Buying (and cooking) Local Food

The Sheffield Cookbook I love cookbooks and have a fairly deep collection.  Some I have cooked with extensively, some I have yet to cook from.  I have read every one–cover to cover.  Reading cookbooks is a sensory experience for me.  I enjoy the feeling of the pages and the anticipation of what will appear next as one moves through the volume.  I love to imagine the tastes within the recipe, to anticipate combining new foods and to consider the mouthfeel–whether soft and creamy or crunchy–of the first bite or to imagine the smell that will fill the house as the food cooks.  It is a happy place for me.  I bought a new cookbook today that promises to provide these sensory experiences, but also a bit more, a bit extra. 

The cook book is a compendium of recipes celebrating Sheffield food culture that includes food from restaurants, retailers, and food producers all of whom embrace the notion of local in some way or another. Not surprisingly there are a number of recipes from what has become known as gastro pub cuisine. The Milestone, for example, offers a pudding recipe of rhubarb and apple and yogurt, which celebrates the region’s long history as the place to go for early forced rhubarb.  Also, for some reason Sheffield has an abundance of Italian inspired restaurants and so of course Nonna’s and La Terrazza respectively list tagliatella and ravioli recipes.  The book features some more adventurous (for Sheffield) cuisines as well. Cubana is represented via recipes for salsa and hake in cream and Ashoka offers a recipe for pakora and there is even Texas Bar-B-Que and cornbread via Swanky Frank’s and Smoke Barbecue. Alongside the restaurants the book provides information about how to source good food locally.

I now have a food provisioning day planned that will take me to Sheffield Moor Market to buy Hong Kong inspired green tea ice cream from Yee Kwan and coffee from Cafeology, to J.H.Mann to buy fresh fish (on Sharrow Road) and to John Crawshaw’s Butchers in Hillsborough for beef, to Moss Valley Fine Meats to buy pork, and to La Bon Vin on Brightside Lane to buy wine or perhaps Mitchell’s Wine Merchants on Meadowhead for wine or whisky…and that is just getting started. There are 50 recipes and about as many businesses represented in the book.  All the food looks good and all beckon a taste.

The book also offers food with a story.  Through the book we get to know about each contributor. We learn about how Bryan Unkles, founder of Cafeology, came to be concerned about sourcing and selling coffee that is as ethical as possible and how Simon Ellis, a former lorry driver, came to start making and selling jams, chutneys and vinegars based around hedgerow findings. We are introduced to Eddie Andrew who moved back to his parent’s dairy to help them to diversify their business and survive the milk crisis via what was to become Our Cow Molly and to Jez Daughtry, who started Sheffield Honey with a network of hives all over the region after being made redundant from an IT company in 2009.

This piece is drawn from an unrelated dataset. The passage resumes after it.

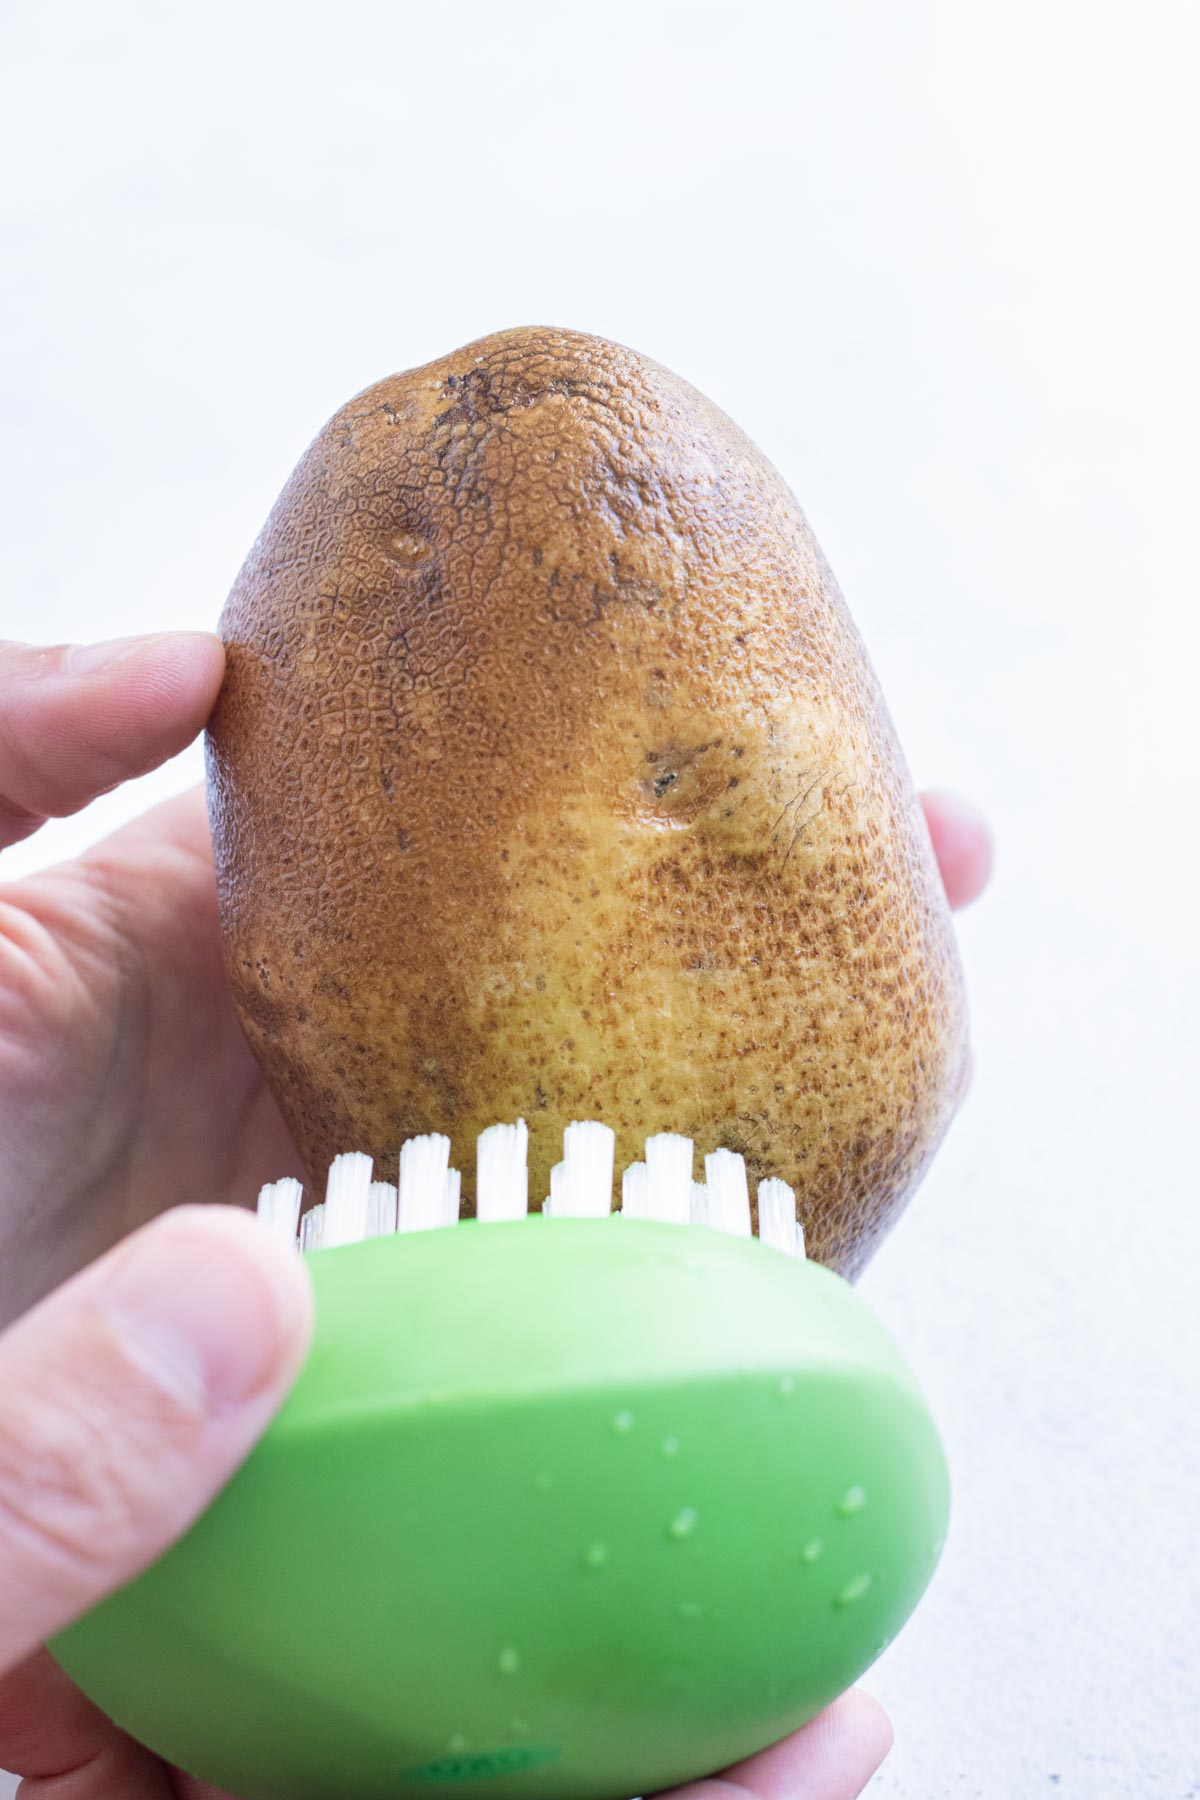 Clean the outside of the potato with a brush.

Some time ago now I wrote a paper for a geography journal called Buying Local Food: Shopping Practices, Place, and Consumption Networks in Defining Food as Local.  In the paper I argued that the idea of local is defined situationally. In the paper I also pointed out that the idea of local can be used to obfuscate a real back story that is not at all local while at the same time seeks to mobilise consumer anxiety about the food system and can reinforce racial and class divisions.  What is refreshing about this cookbook and the way in which it presents the cooks and the recipes, is the way that the idea of local food is not entirely one that is corrupted.  It advocates sourcing from the local context when possible, but it does not assert a call for exclusively local or a defensive local.  The cookbook has inspired me to go and forage through this city and to be grateful for what is available to me in this place by exploring what is available from these represented businesses but also from the myriad of others that are not represented, but which also contribute to the local food landscape of Sheffield. GeoFoodieI have written about a local food event concerning food focused community support efforts in Sheffield, which was attended by a number of those involved with the cookbook. If I were consulted I would also have included the following businesses in the cookbook:

  • New Roots, a small not-for-profit shop that gives its proceeds to help support refugees in Sheffield.
  • Ozman Market, an international market with low prices, a wonderful fruit and veg selection and extensive stocks of sauces and dry goods from other parts of the world.  The goods are not particularly sourced locally, but they serve a very local, international community residing in Sheffield whose foodways are not being served by the large supermarkets.
  • China Red, billed as Sheffield’s best Chinese restaurant, I would have to agree.  They even serve my favorite aubergine dish.

This post was part of the Daily Post Weekly photo challenge. The theme was Extra, Extra. We were challenged to introduce a photo with something that adds a little extra. I think this cookbook offers a little extra and in doing so shows that Sheffield has a bit extra as well.

2 thoughts on “Buying (and cooking) Local Food

  1. Sounds like an interesting book. And thank you for linking to your paper, I have bookmarked that for a proper read soon. I have recently been thinking more and more about the pros and cons of local food and it’s great to see other people’s views and opinions on this topic.